## TASK TO COMPLETE:
Repeat, word for word and with nothing added, each line from the one containing "Dust Cover For" to the final line of the data, keeping both ends. Pictures are not part of the copy.

## DATA SECTION:
---+---

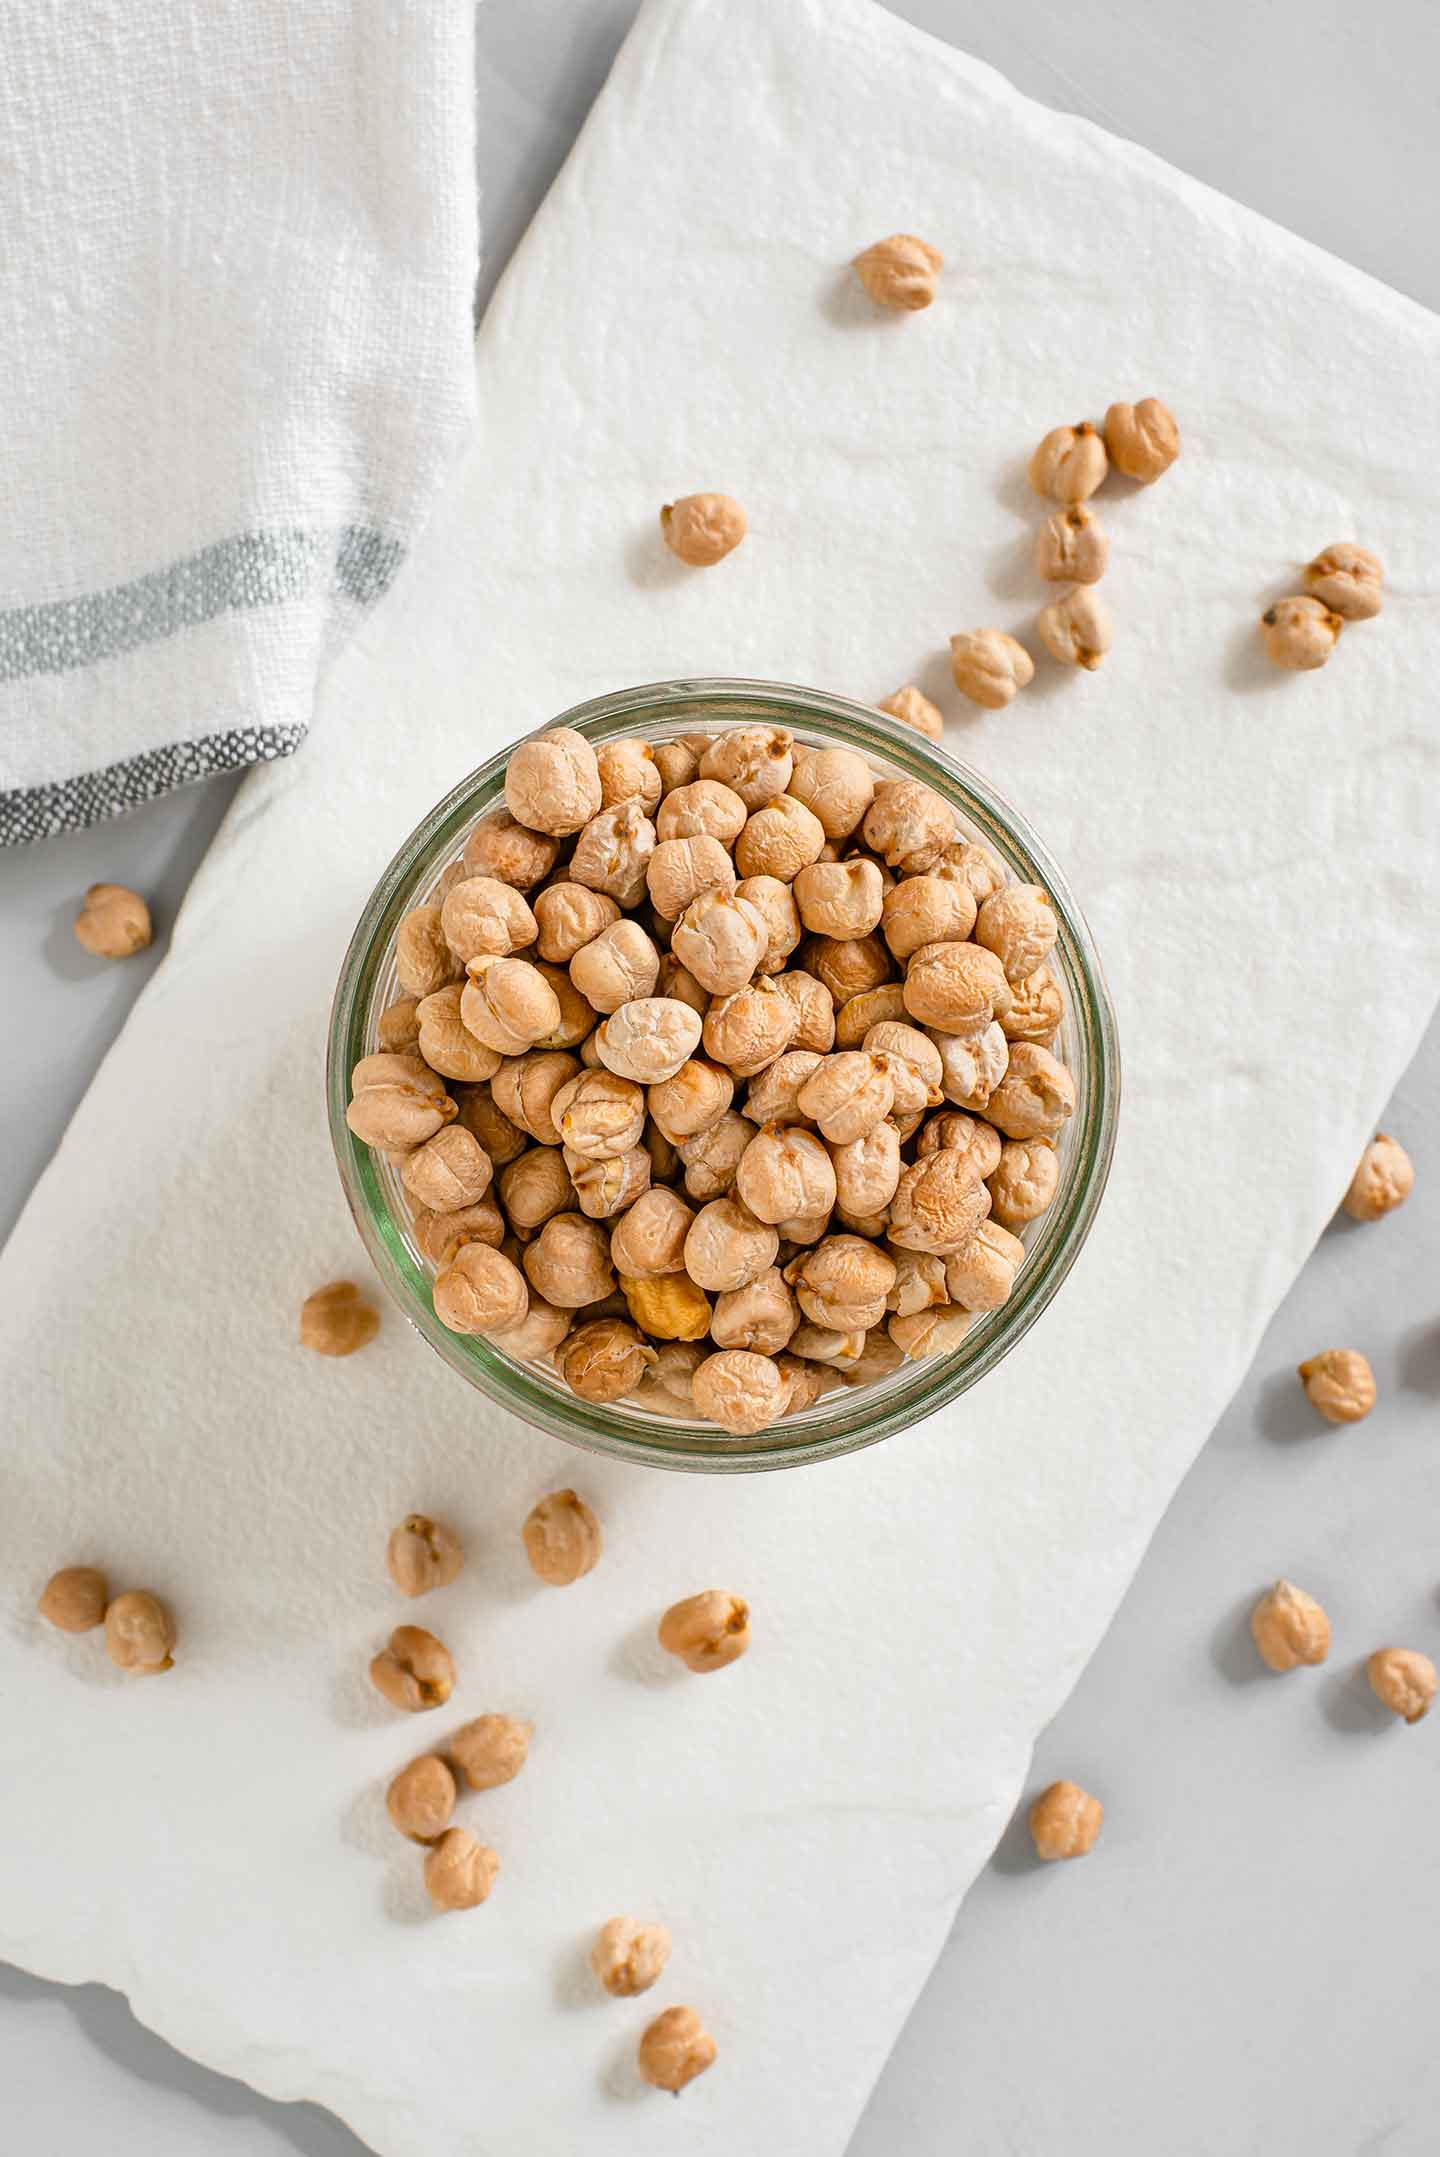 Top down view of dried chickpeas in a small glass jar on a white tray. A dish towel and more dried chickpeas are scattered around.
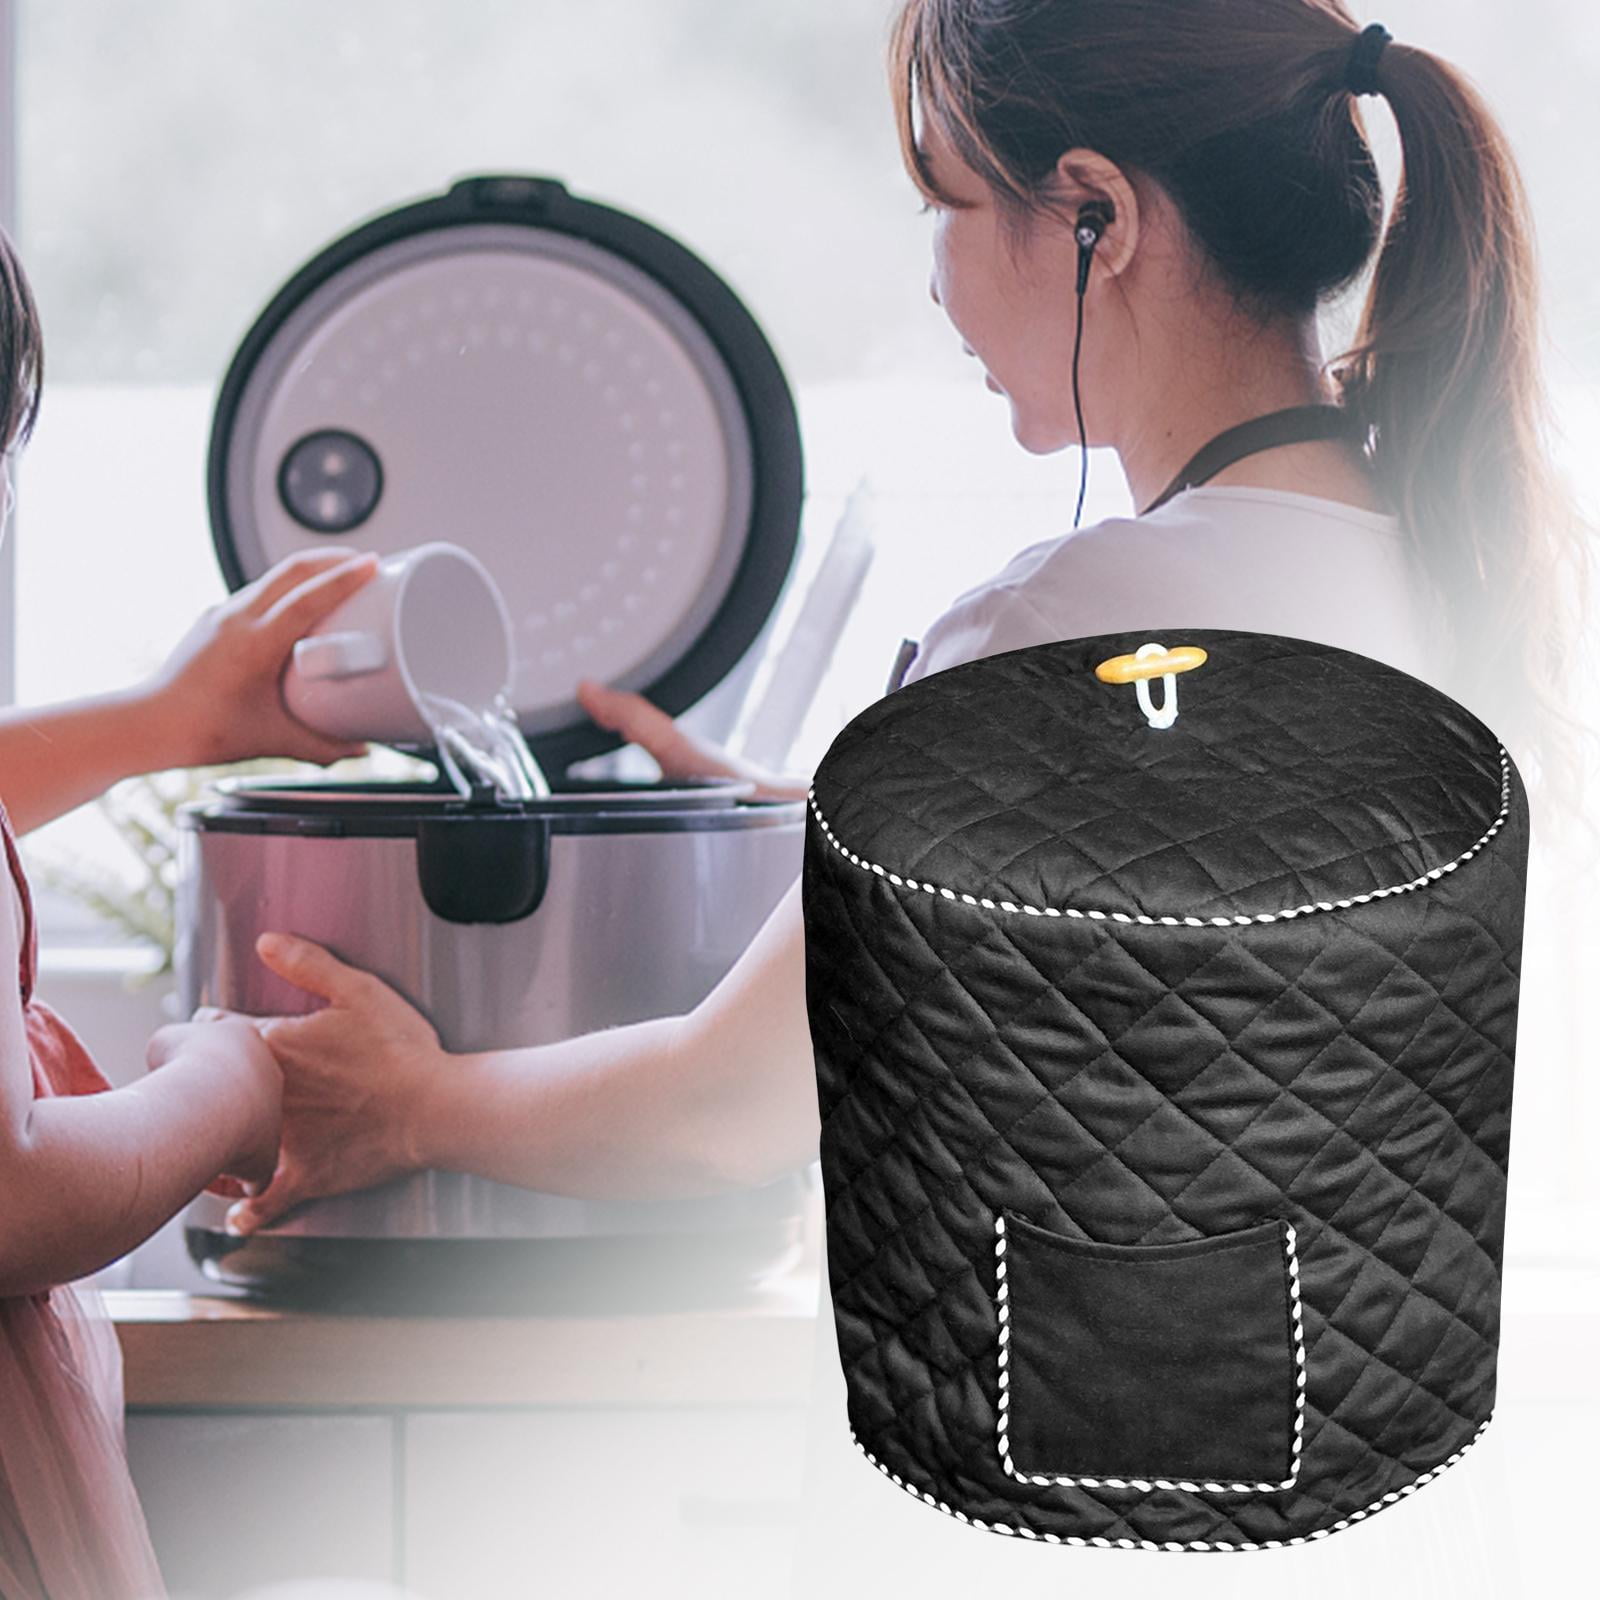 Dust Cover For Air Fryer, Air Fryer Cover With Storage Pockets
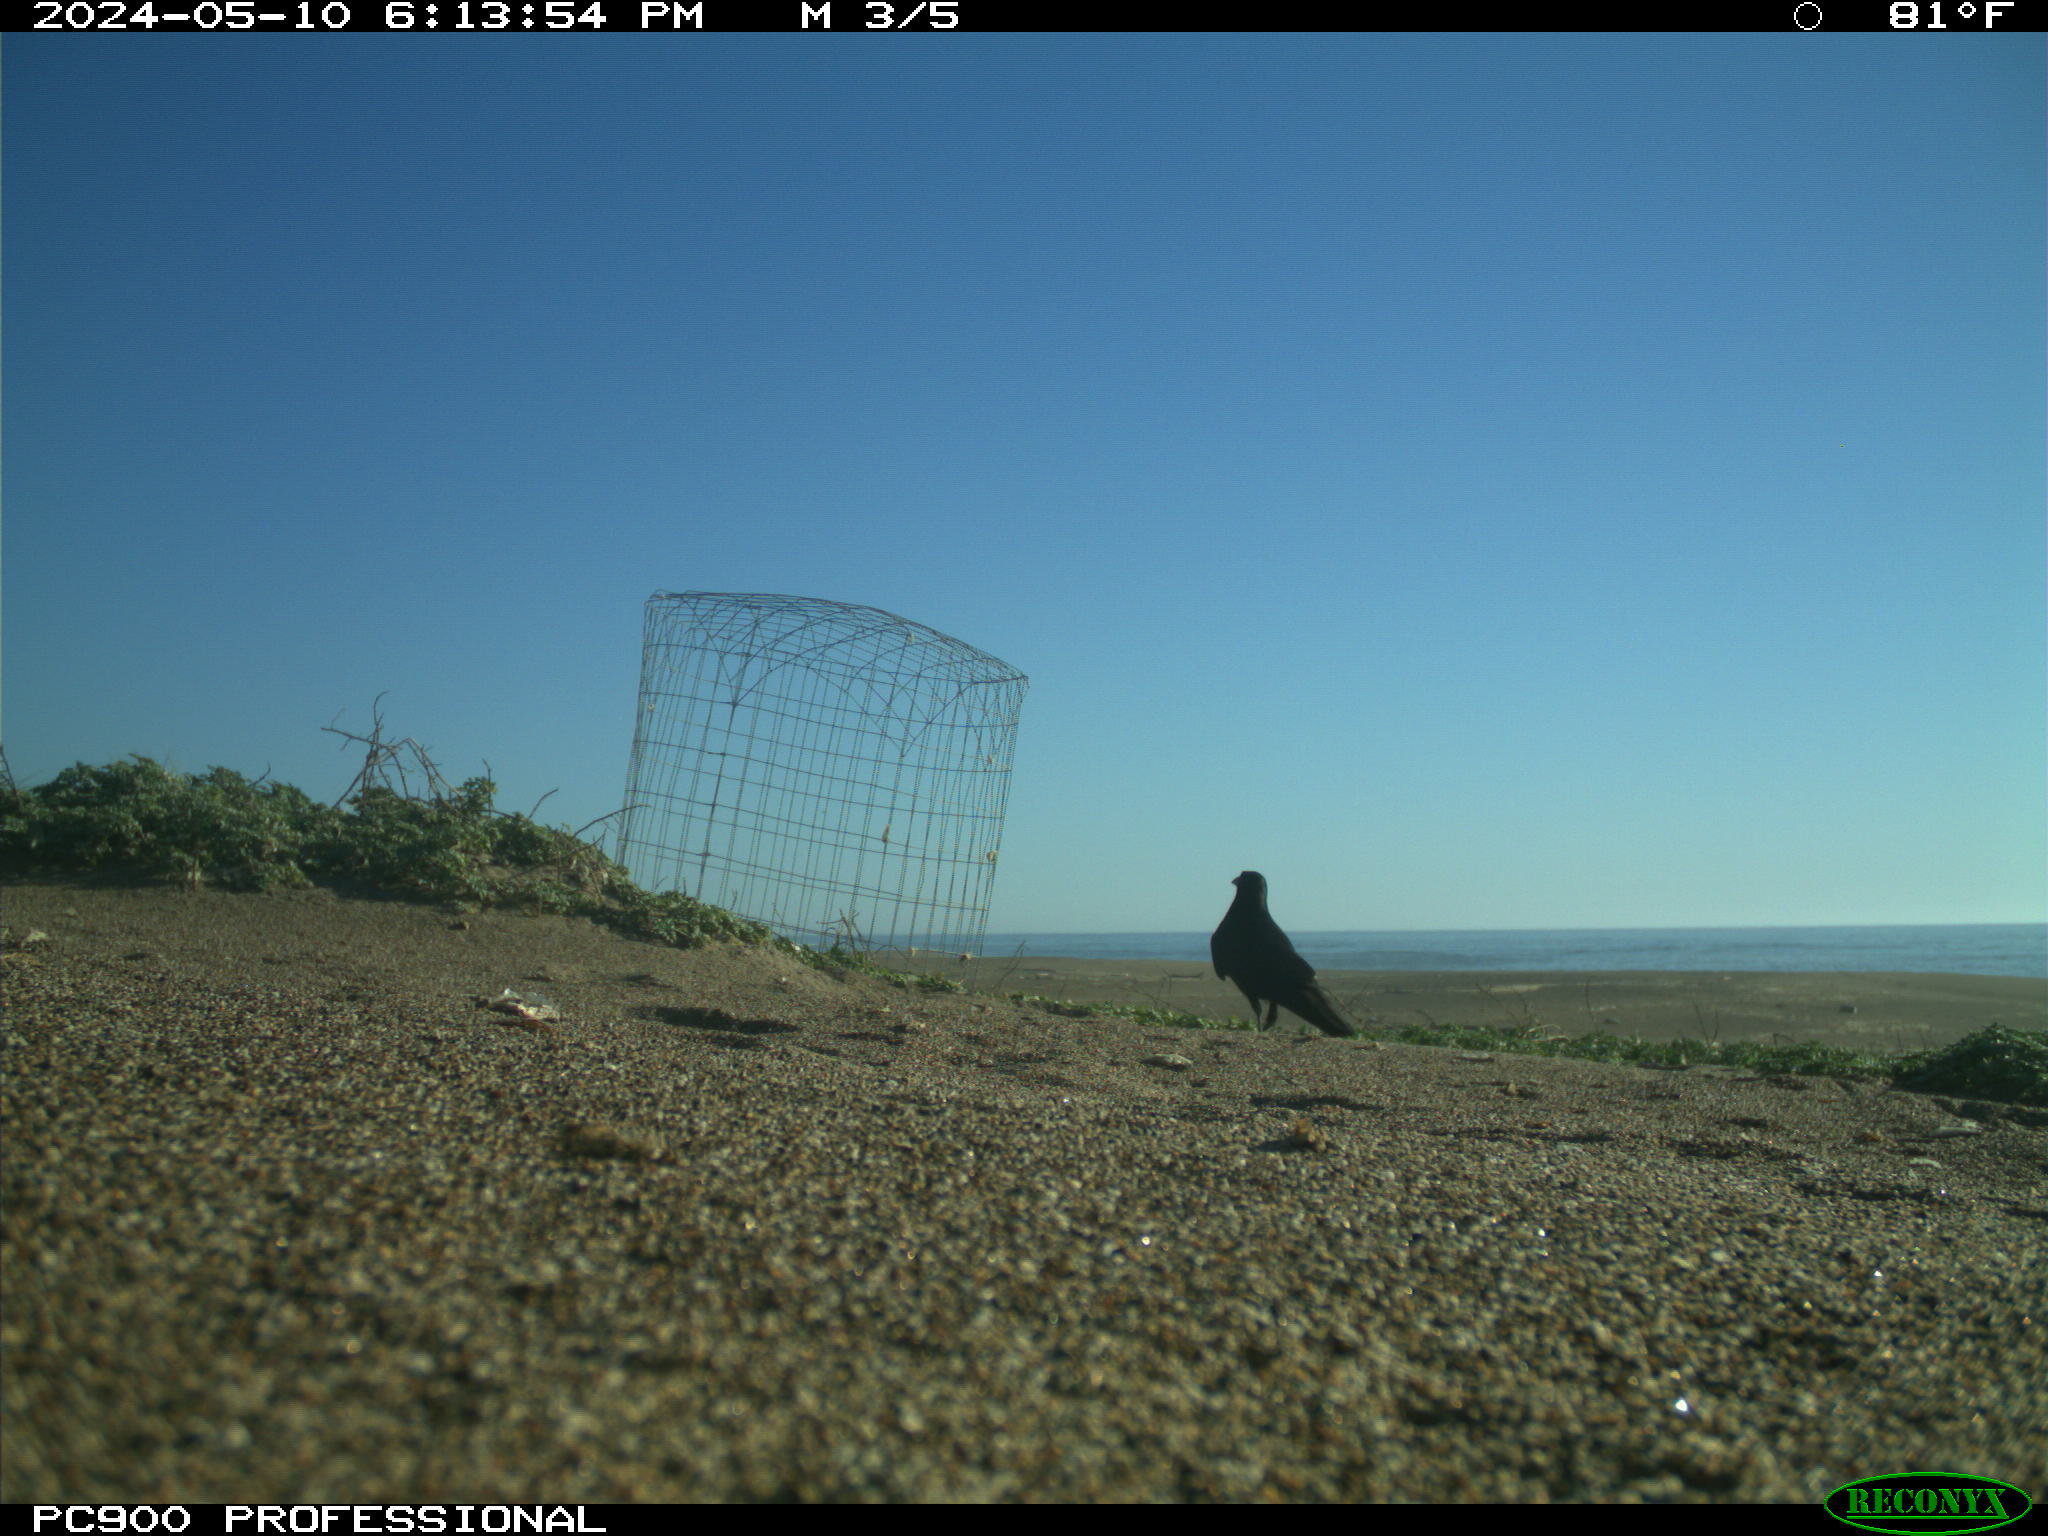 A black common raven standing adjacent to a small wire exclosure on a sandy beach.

---+---

## FINISHED TASK:
 Dust Cover For Air Fryer, Air Fryer Cover With Storage Pockets
 A black common raven standing adjacent to a small wire exclosure on a sandy beach.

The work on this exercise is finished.